Ashraf’s Column

Friday, June 16, 2006

A dream comes true

It was in the afternoon of 17 December, 1973. I, a Captain then, along with another Major reached Comilla Cantonment from Dhaka by a bus. We were two of the first fourteen army officers posted to the then nonexistent Bangladesh Military Academy (BMA) to establish the academy. A few of these fourteen were posted to BMA from units located in Comilla. But till then none of them joined BMA. At dusk we were led to the BOQ (bachelor officers’ quarters) of the 1st Field Regiment Artillery Officers’ Mess on a tiny mound. No sooner had I entered the room allotted to me than I leaped out of it. Believe you me, there was that strong pungent smell of fresh goat droppings! It took few minutes for me to muster my soldierly guts and bear with the smell ! Thanks God, the toilet was operational! After having a quick wash I went to the mess to have a cup of tea. I requested the Mess Havildar to arrange a sweeper to clean my room with phenyl or dettol. After long waiting at about 8 PM a sweeper came, but with no phenyl or dettol. The room was washed with water again making no difference in the intensity of the goat’s blessing! A cot newer was placed in the room. The bed was laid. But there were no stands to fix the mosquito net. It was impossible to sleep without a mosquito net. I sent a message to my old friend Captain Eric Rozario (now retired as a Colonel), the Quarter Master of the host unit, to help me out. 12 O’clock at night Eric came with two sets of mosquito net stands (one set for my companion). Eric was apologetic for the delay. 1300 soldiers, mostly repatriated ones from Pakistan, were at that time living in his unit which had the capacity to hold only 400 soldiers. All soldiers could not sleep at a time at night because of shortage of space under the roof, cots and mosquito nets. They slept by turns. Eric had to wait till 12 O’clock for one batch of soldiers to wake up and spare the mosquito net stands for us.
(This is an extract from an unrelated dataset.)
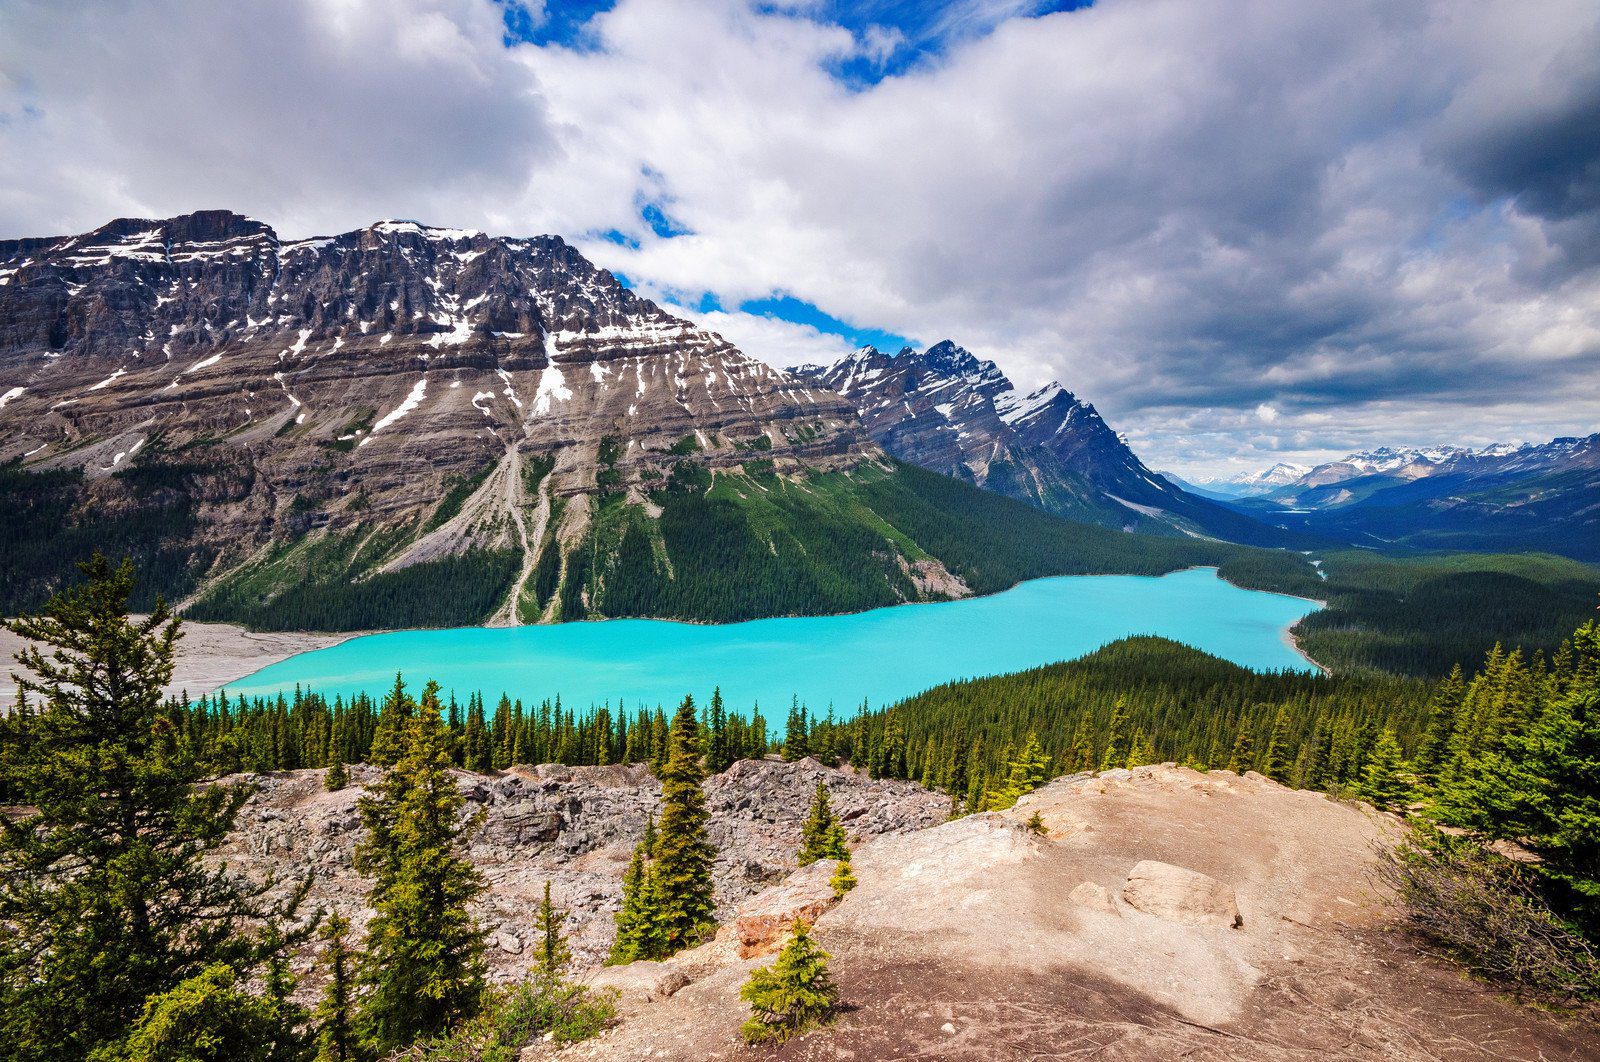 View over Lake Peyto along the Canadian Icefields Parkway

Next morning when we asked where was our (BMA) office we were shown some empty barracks not far way from the mess. I and my companion in full uniform walked to the area which gave a deserted look. We found some jackals moving freely. Soldiers on sentry duty with staves in hand warned us to be aware of those man-eating animals. They got the taste of human blood and flesh during the Liberation War in 1971. We managed to get a school type bench from a nearby barrack. We put it under the shade of a mango tree on a small mound and sat over it facing west to avoid direct sunlight on our faces. By about 1 O’clock some soldiers from the local signals unit came and placed a receiver set on the bench between me and my partner. So, we got a telephone! We were so happy! We talked to the local Brigade HQ on telephone and a CJ-5 jeep, allotted to BMA, with no overhead cover and silencer reported to us by 2 O’clock. Our joys knew no bounds. That was how the history of BMA started.

Then the million dollar question which stormed our mind was what to do next? Where from to start the raising of the organization of our dream , BMA? Yes, soon we got the answer to our question and started working under the very able leadership of Major A Manaf (later Major General and now deceased). Many skeptics at home and abroad had little confidence in our ability to establish a military academy. Many politicians and economists openly opposed the idea of having a military academy in Bangladesh by assigning many unreal reasons. But we, a bunch of mid level and young army officers, took the challenge in the right earnest. BMA started functioning. The first batch of gentleman cadets (GCs) arrived in January,1974. It was an excellent lot. All the boys were highly intelligent, hard working and patriotic. Many of them had already gathered war experience in our Liberation War. It was always a great pleasure dealing with them inside and outside the classroom. A dream started taking shape.

Today after 32 years our dream has come true. By the grace Allah and with the active support of the people of Bangladesh we have done it. The high quality of the professional training imparted in BMA is now recognized all over the world. In addition to our own officers many officers from friendly foreign countries have been receiving training in this academy. The people of Bangladesh can rightly feel proud of BMA and its officers.

Lieutenant General Moeen U Ahmed, one of our dear students from the 1st batch of BMA cadets, has been appointed as the Chief of Army Staff of Bangladesh Army and promoted to his present rank. With General Moeen heading the army a new golden chapter is added today to the history of BMA, to the military history of our country. My heartiest congratulations to you Moeen. We are proud of you. May Allah bless you with the physical, mental and moral strength to bear the responsibility He has reposed on you. I am grateful to Allah for keeping me alive to see this day.